• EXERCISE INSTRUCTIONS
Type out the listing below exactly. Pictures stay out of it.

• DATASET EXCERPT
------------------------
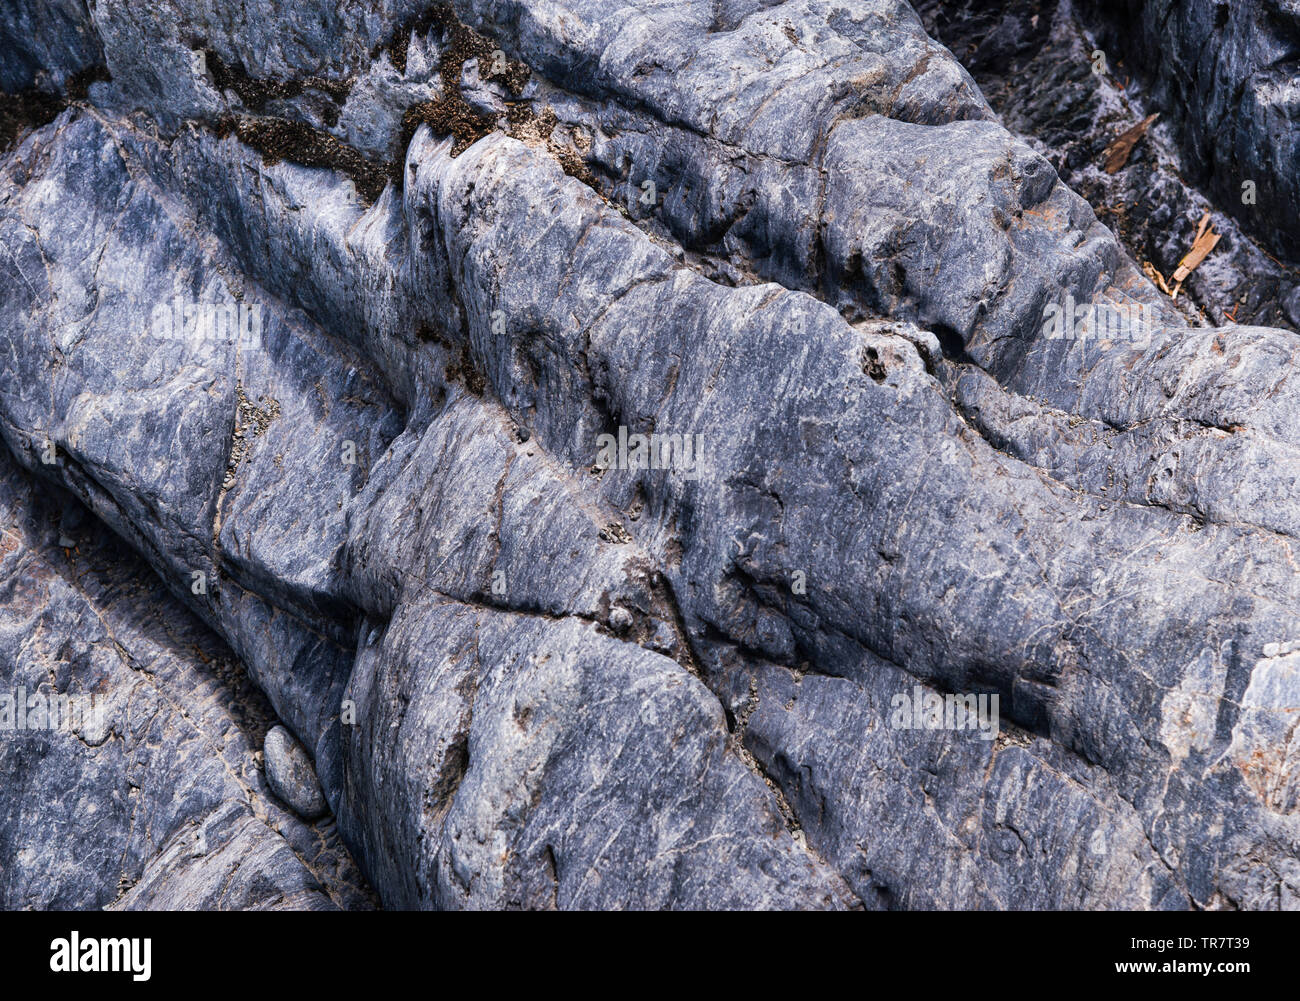 Abstracted detail of the rocky shore of Te Hoiere / Pelorus River, in the Marlborough region of New Zealand Stock Photo
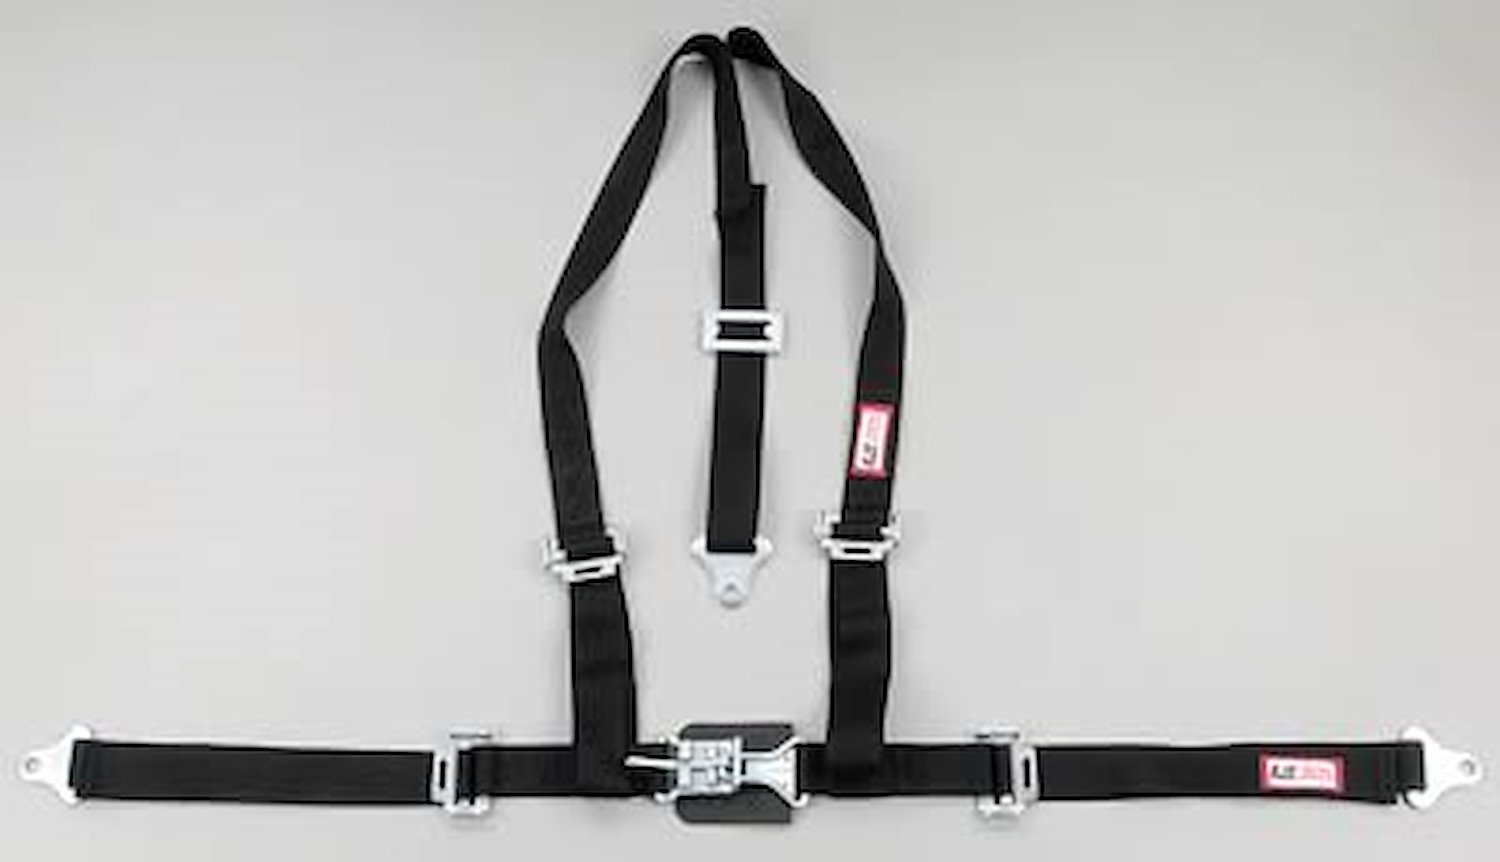 NON-SFI L&L HARNESS 2 PULL UP Lap Belt SEWN IN 2 S.H. V ROLL BAR Mount w/STERNUM STRAP ALL SNAP ENDS RED
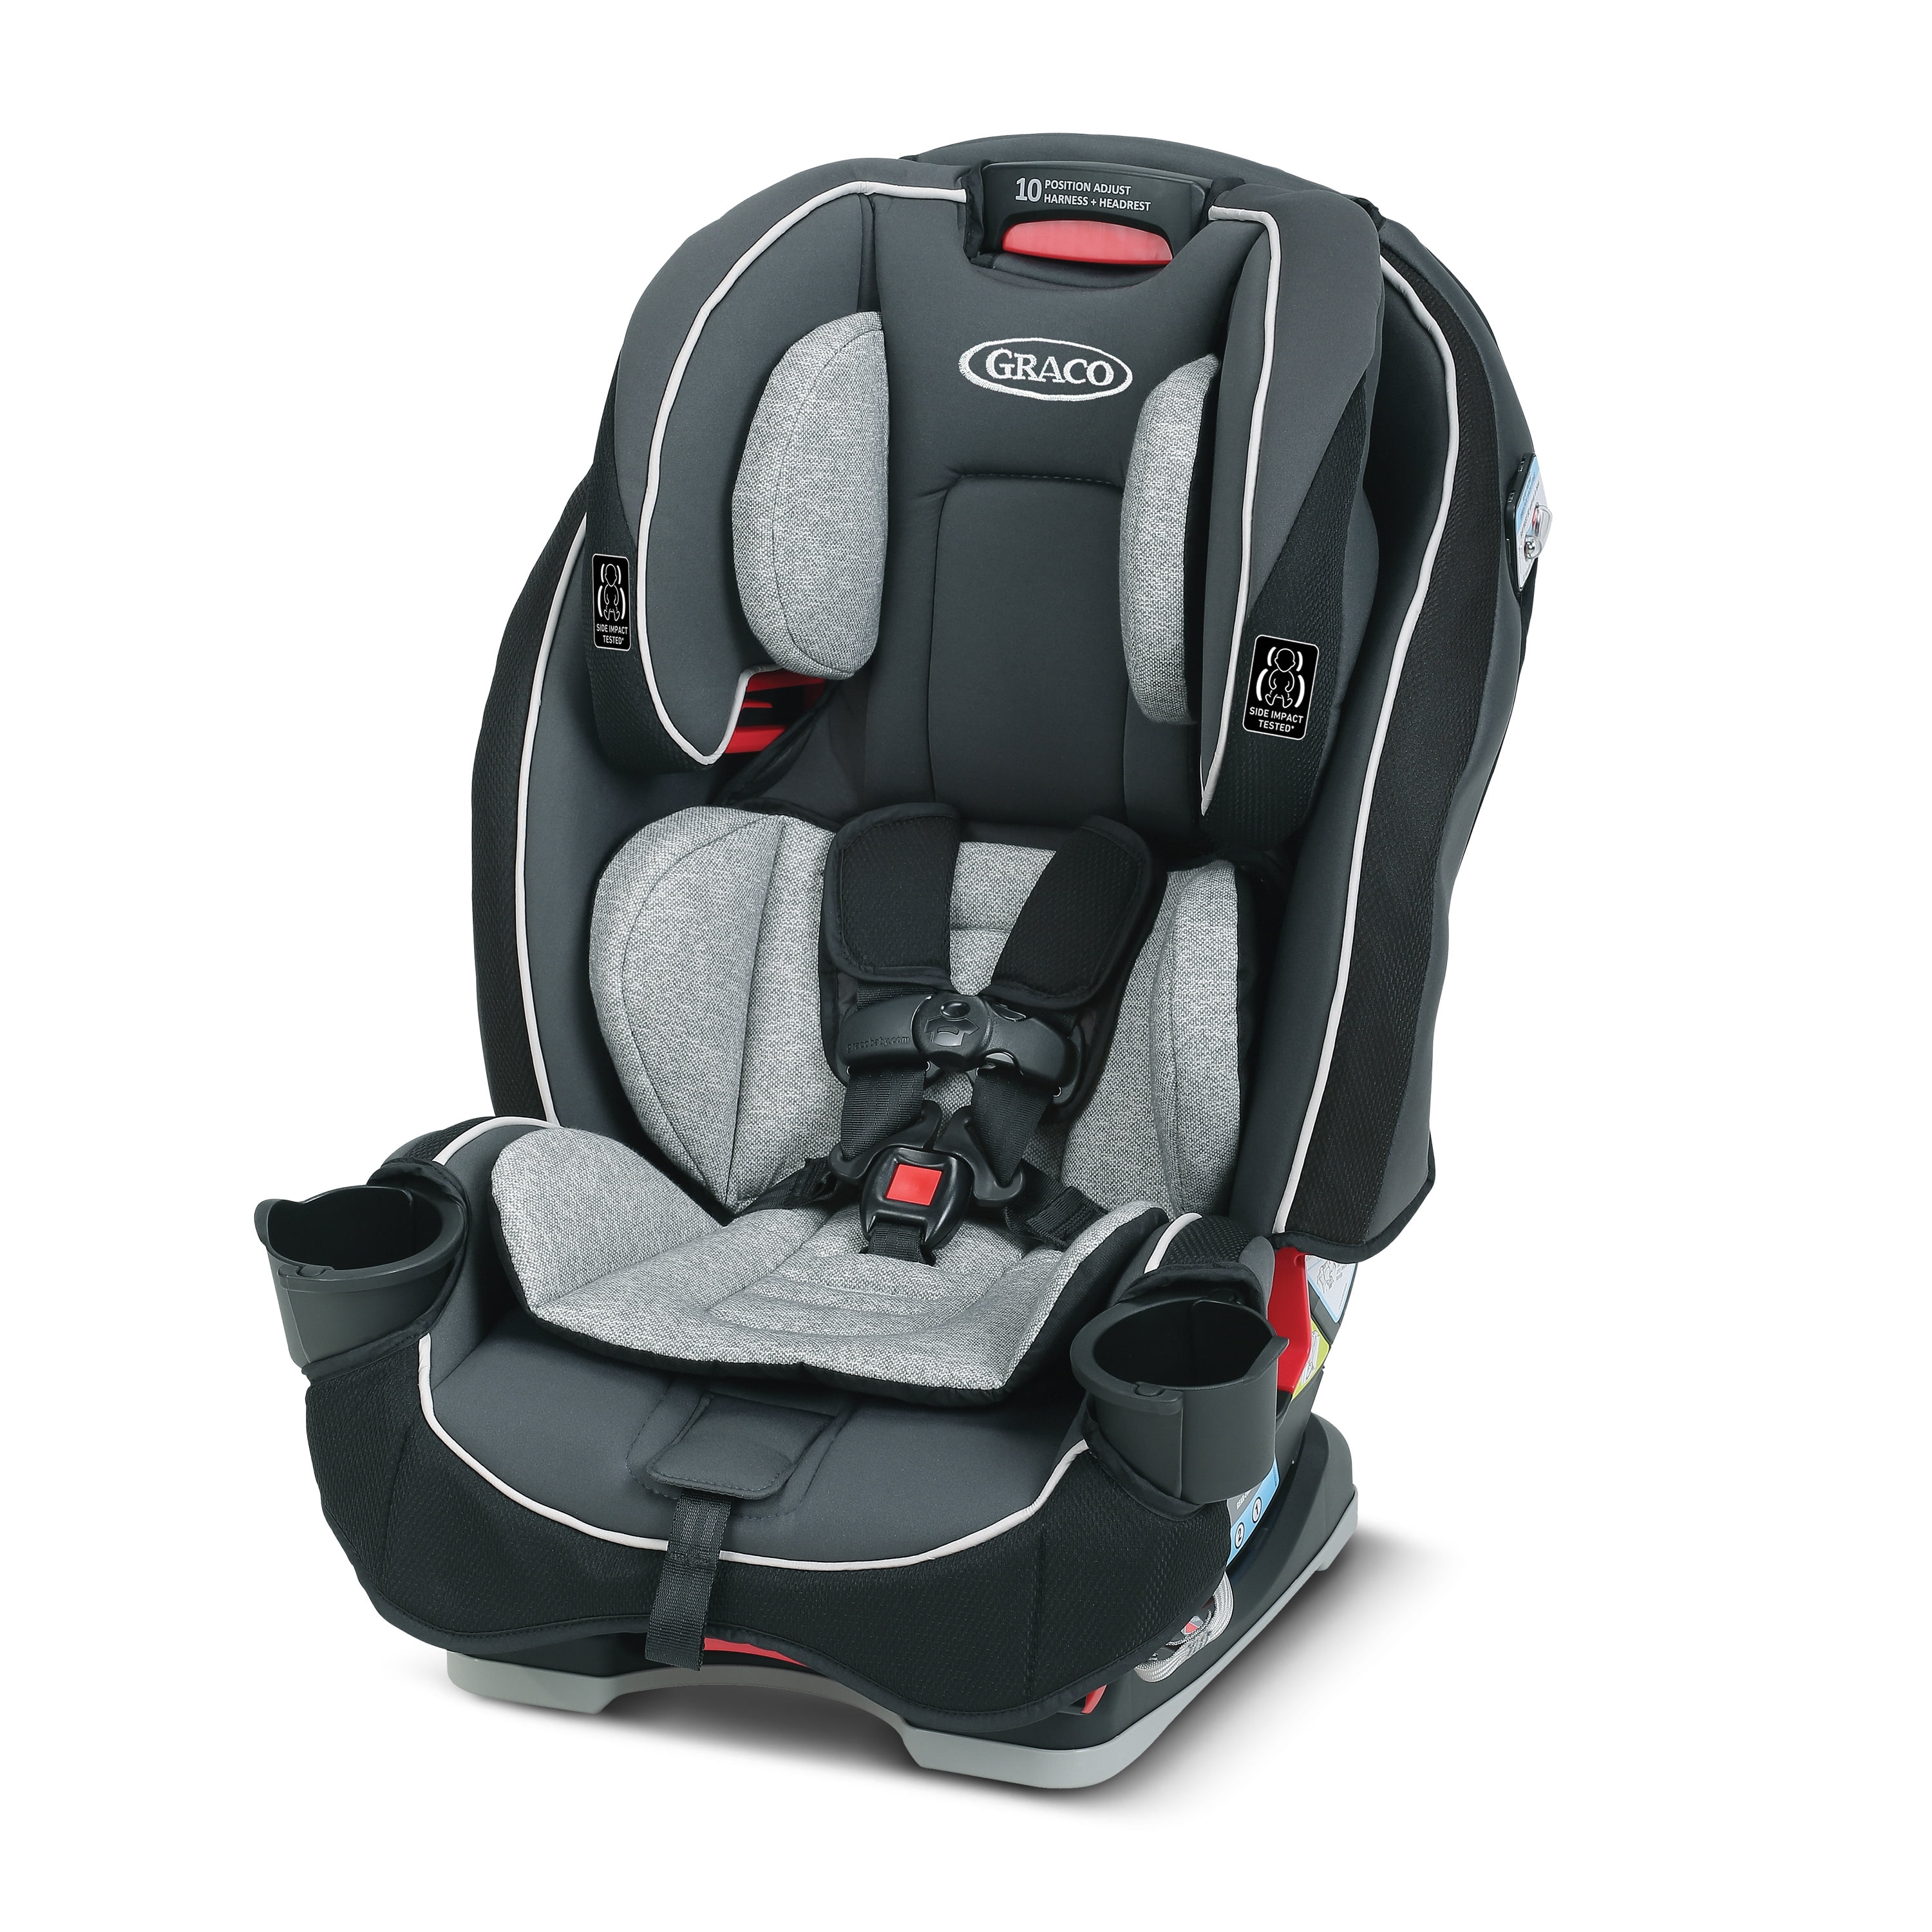 Graco SlimFit 3in1 Car Seat, Saves Space in Your Back
------------------------
• RESULT OF THE EXERCISE
 Abstracted detail of the rocky shore of Te Hoiere / Pelorus River, in the Marlborough region of New Zealand Stock Photo
 NON-SFI L&L HARNESS 2 PULL UP Lap Belt SEWN IN 2 S.H. V ROLL BAR Mount w/STERNUM STRAP ALL SNAP ENDS RED
 Graco SlimFit 3in1 Car Seat, Saves Space in Your Back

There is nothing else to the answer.